A _certain someone_ built me a SS with internal routing. It wasn't for style points, it was because where I ride I shoulder my bike constantly. The internal routing feels niiiiiiice on the hands/shoulder during creek crossings.

That said, The toptube was chosen based on the internal routing decision. Plus there is a brass tube that runs through the toptube to keep the hose from rattling. Total weight gained: something like 100+ grams. Not a race bike option.

~E


----------



## AndrewTO (Mar 30, 2005)

WALT?!??!?!? Hang on a sec before you toss this one, please?!??!?! ..... brb


----------



## AndrewTO (Mar 30, 2005)

(stretches arms and legs for winter exercise)



DeeEight said:


> Ten years, hell I somehow doubt that Corratec will last 5 years...


AAaawwwww, Dee, now now, you should be more respectful of that bike's life expectancy.

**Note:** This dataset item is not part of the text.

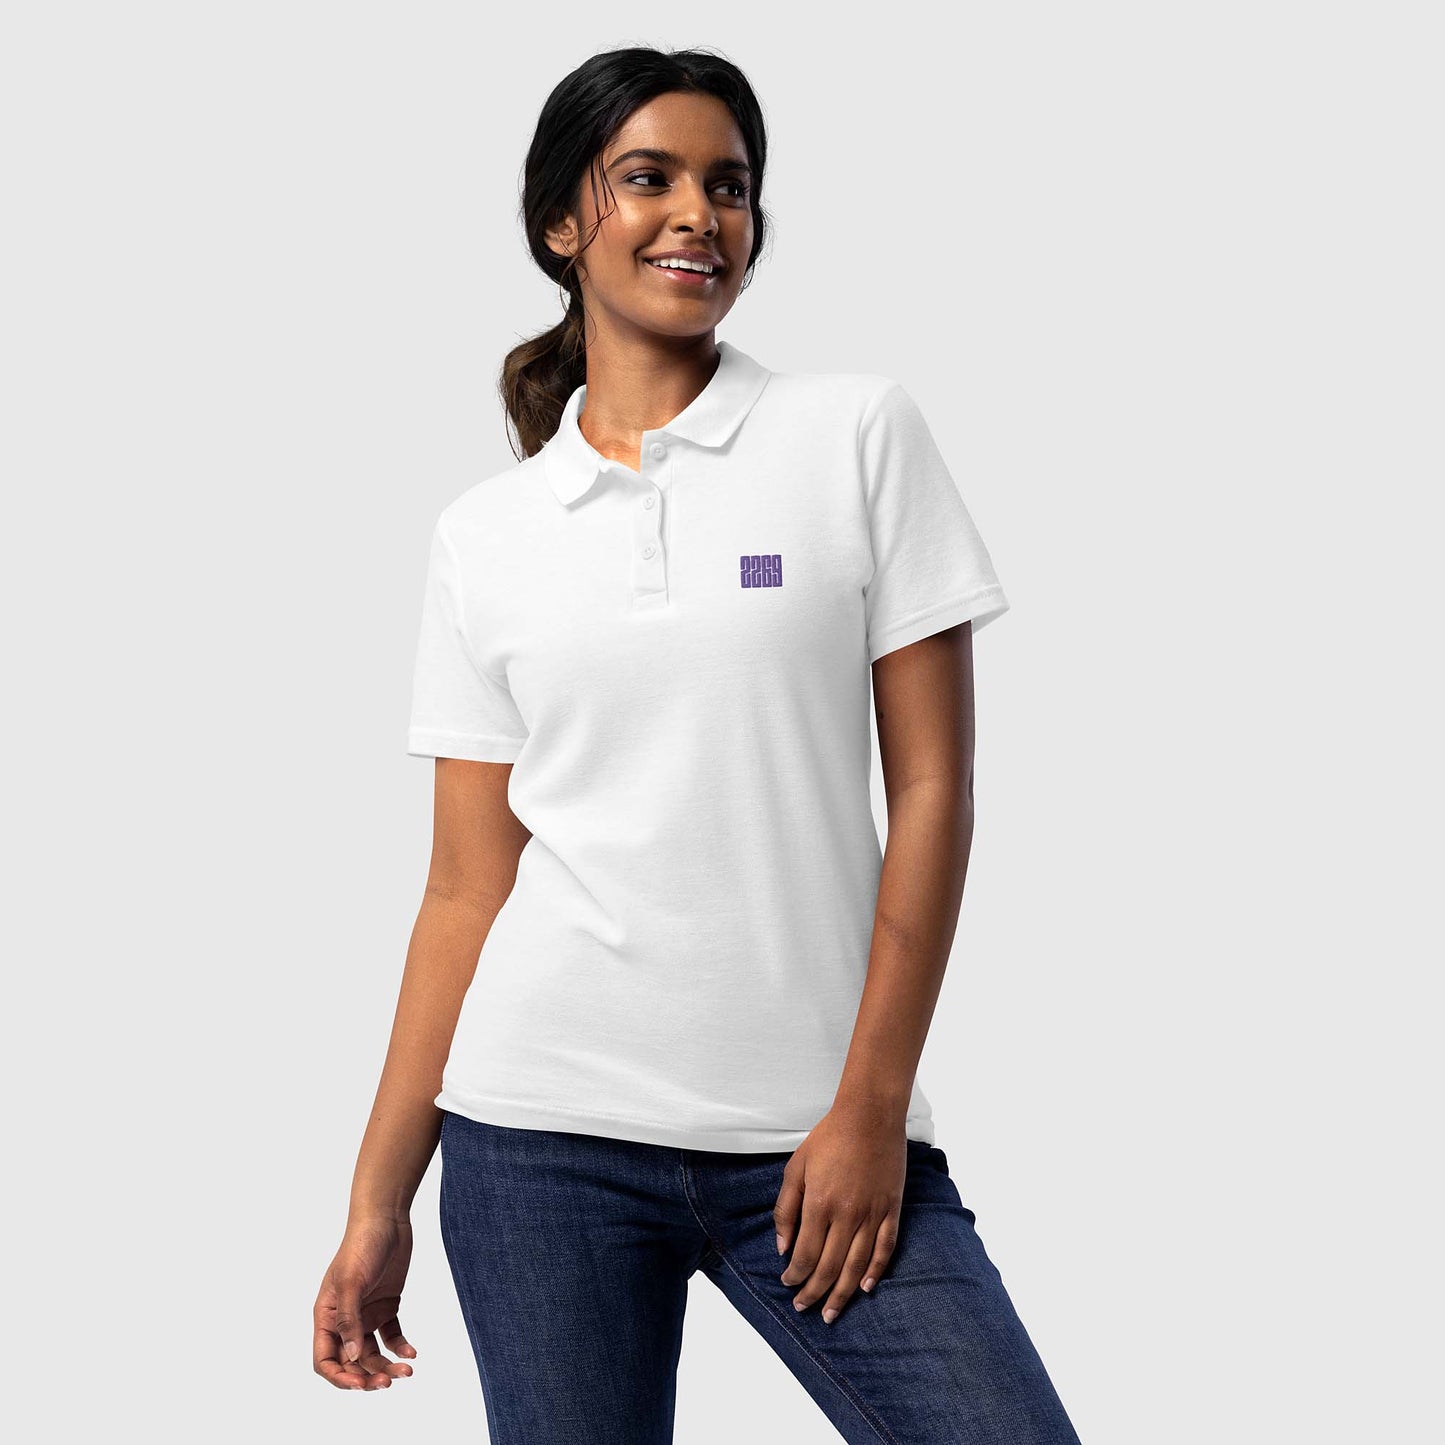 Women’s white pique polo shirt with embroidered 2269 logo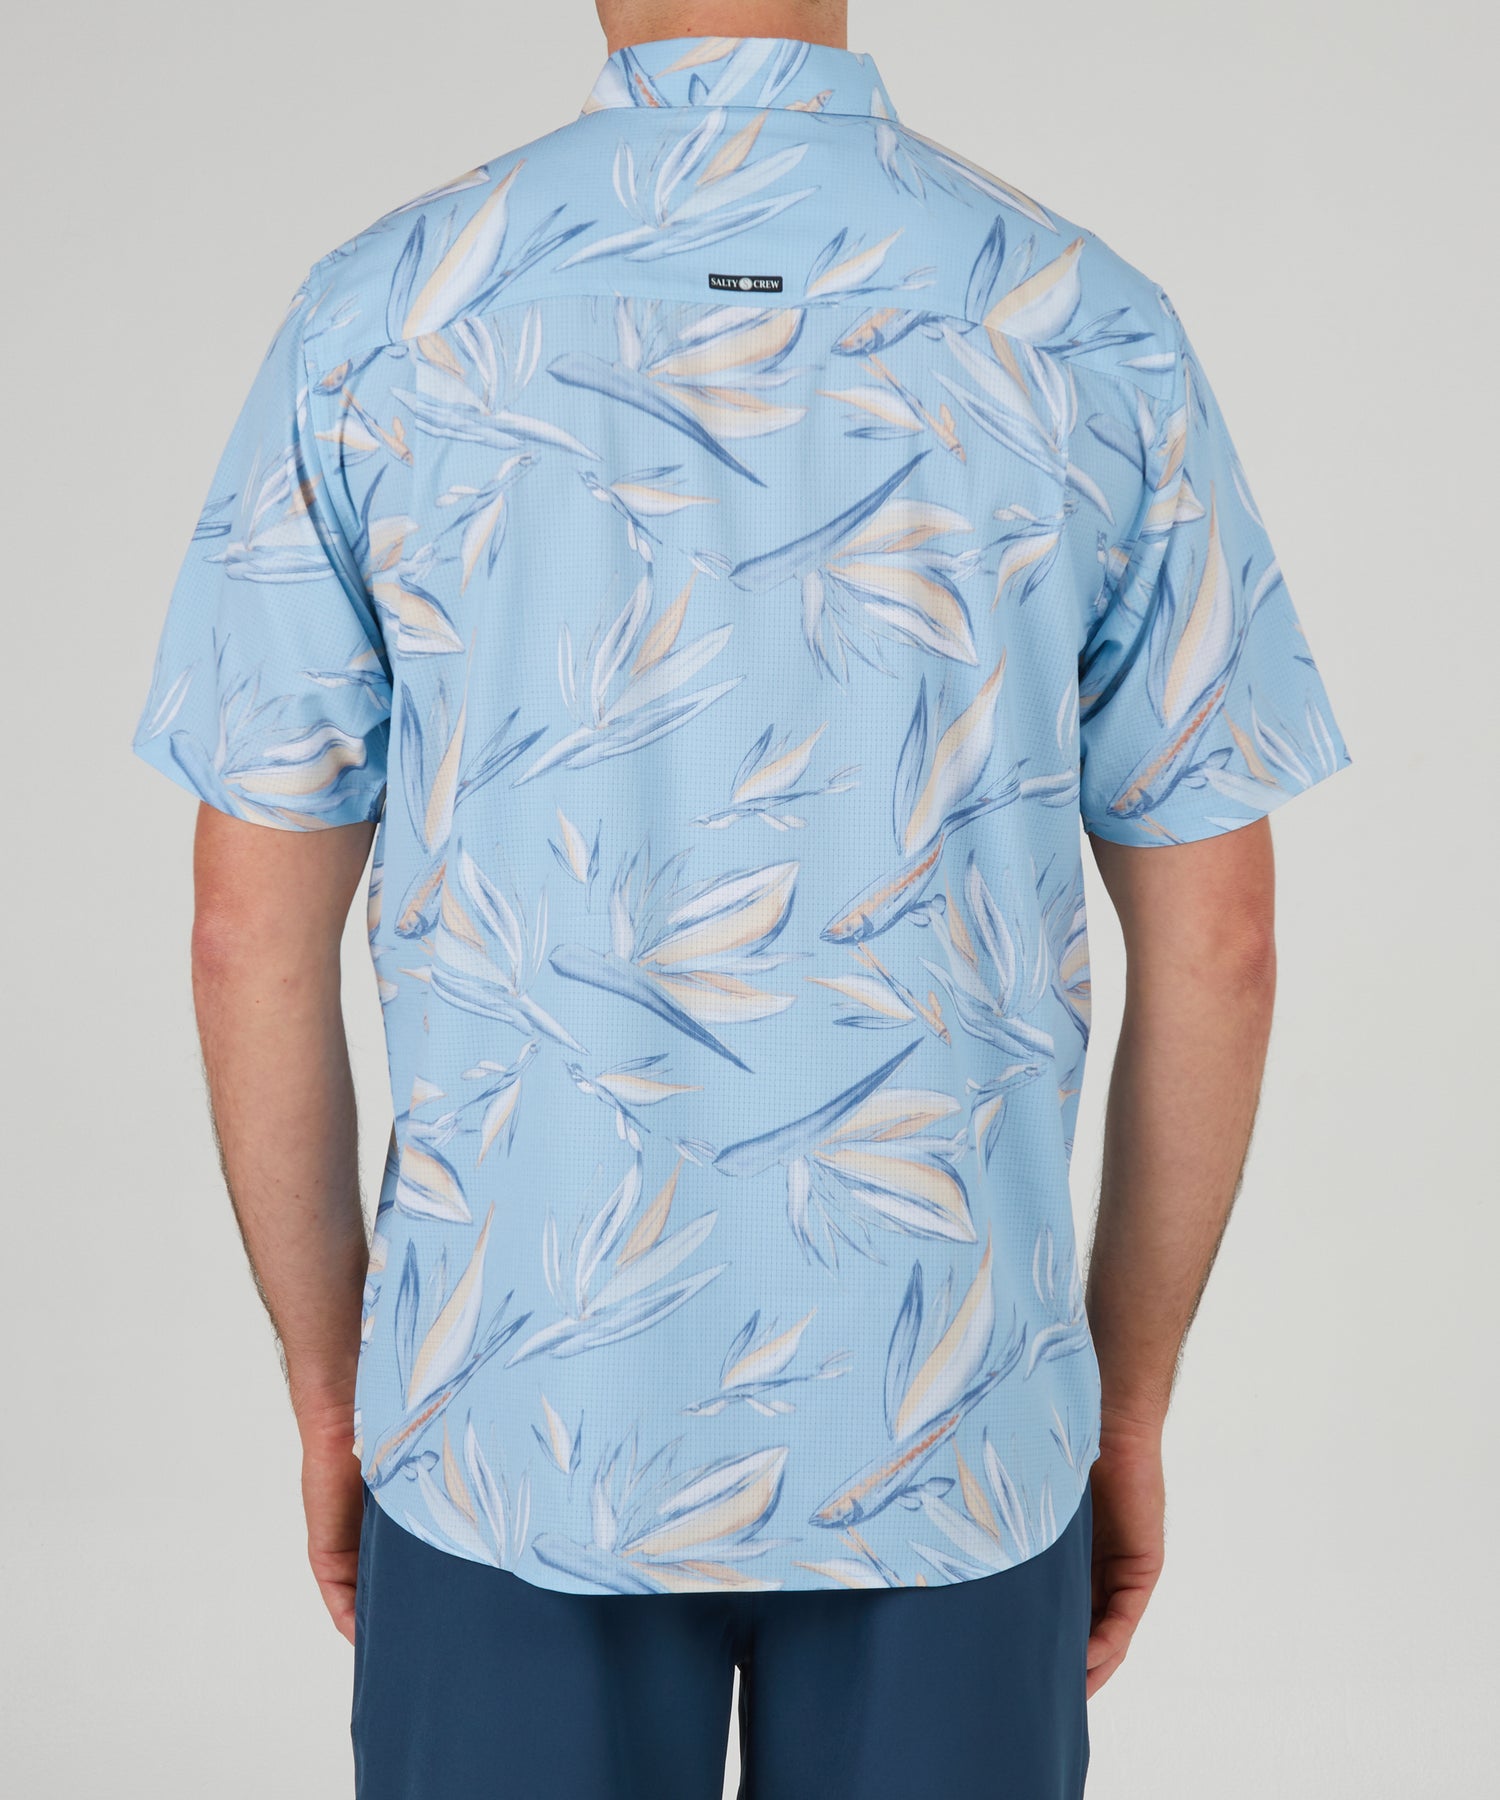 back view of Floral Flyer Blue S/S Tech Woven

I'm sure it'll last FAR longer than the 5 or 10 years that you (and Walt - shame shame!) give it.

Afterall, it's a pretty-pretty bike. It'll see the road more than it does dirt and even then the dirt will be flat and hardpacked.



MOUTHPIECE said:


> But then again... I guess you're just to chicken-shitted, all of you, to keep this thread open.
> 
> They say arguing on the internet is like running in the special olympics... Whether you win or lose, you're still retarded...
> But boy, I'd love to be the one to take the discussion to your faces.
> ...


Yeah, okay, blahblahblah. Whatever you say tough guy, Mr. "i'll say it all because i'm SOOOOOOO tough behind this keyboard and i'll even call you out on it because i'll never get confronted personally". Goof. Your lack of tolerance (and humor and comfort with yourself, for that matter) proves your lack of education as does your foul word spewing fingers prove your lack of manliness.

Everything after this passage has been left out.